Paul McCartney's entire body of solo work, from an album contemporaneous with the breakup of the Beatles, through his work with Wings to his latest release, will be available for digital distribution for the first time starting on May 22. It's a major step that brings the celebrated Beatles catalog that much closer to inclusion in the digital domain, said Alan McGlade, president and CEO of MusicNet, the world's leading business-to-business digital entertainment service provider.
MusicNet provides backbone technology and content, including a catalog of four million songs and videos, to top digital music services including Yahoo! Music, Virgin Digital, MTV’s Urge, and iMesh, among others.
As of now, the Beatles remain one of the few legendary rock acts whose work is not available digitally.

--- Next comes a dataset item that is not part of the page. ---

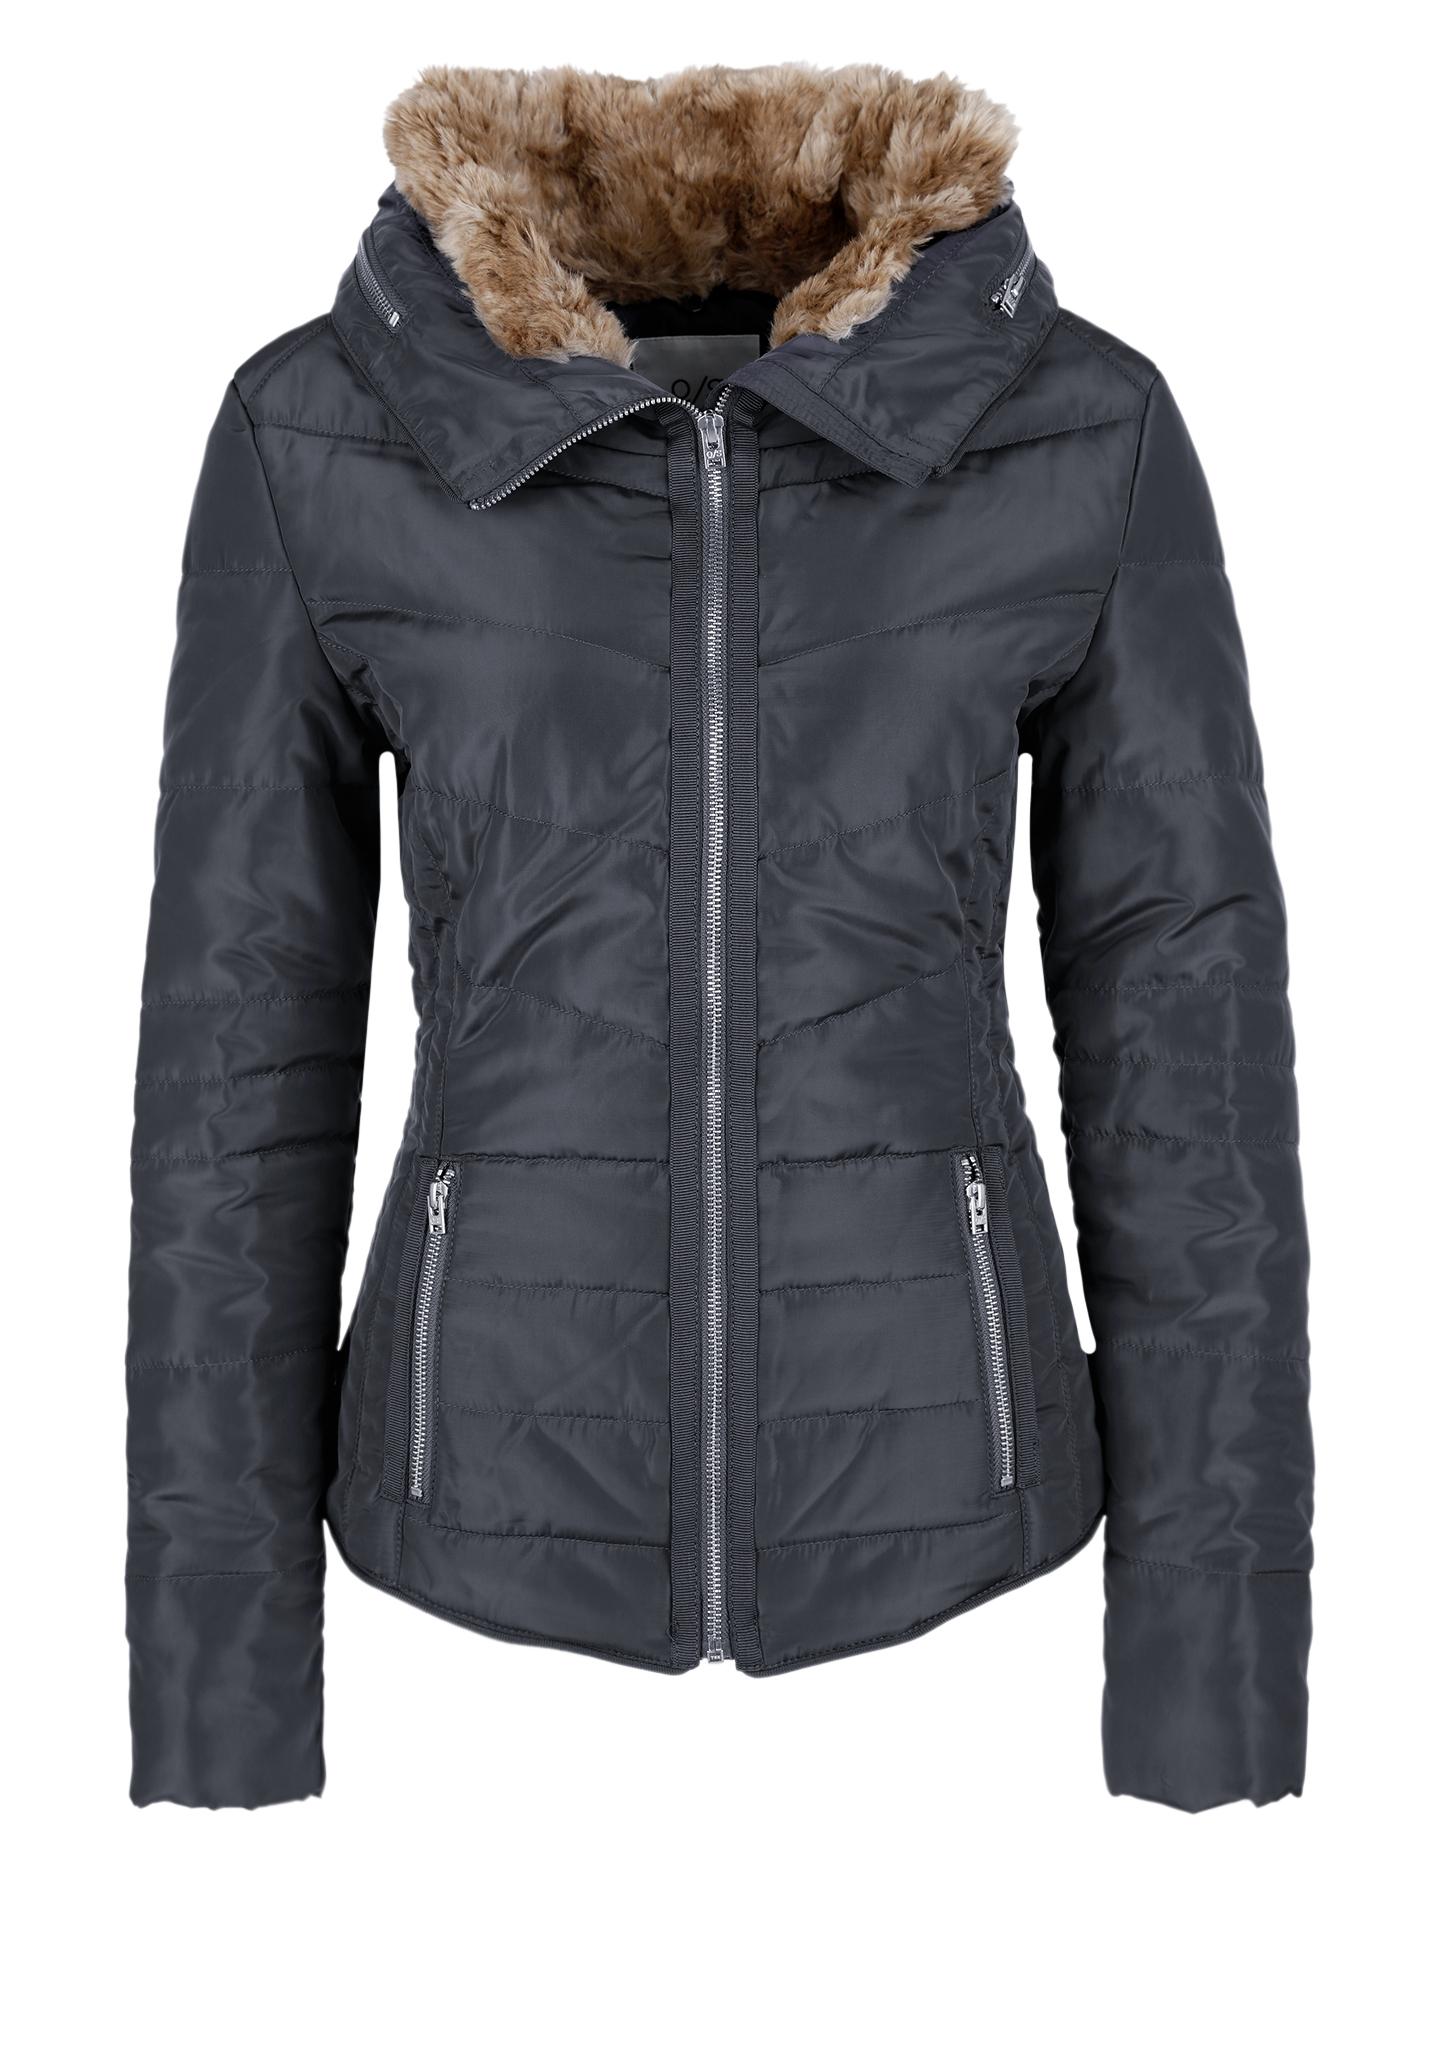 Outdoor-Jacke | Sportbekleidung > Sportjacken > Outdoorjacken | Grau/schwarz | Obermaterial 100% polyester| kunstpelz 85% polyacryl -  15% polyester futter 100% polyester| füllmaterial 100%  polyester | Q/S designed by

"Finally adding the Beatles would fix an important hole in the digital catalog," said Mr. McGlade. "The group is so central to the history of pop music that without them there has always been the perception that something fundamental was missing. Most of the great musical headliners of the past 40 years - including the Rolling Stones, Grateful Dead, Bob Dylan, Bruce Springsteen, Sinatra, even Elvis - have been available for digital distribution for some time. But, without the Beatles, there is a perceived gap in the catalog."
Mr. McGlade noted that only several other pop performers - notably Led Zeppelin and Garth Brooks - have not made their work available for digital distribution. "But no group spans as wide an audience, over a broader period and demographic sweep, than the Beatles," Mr. McGlade said.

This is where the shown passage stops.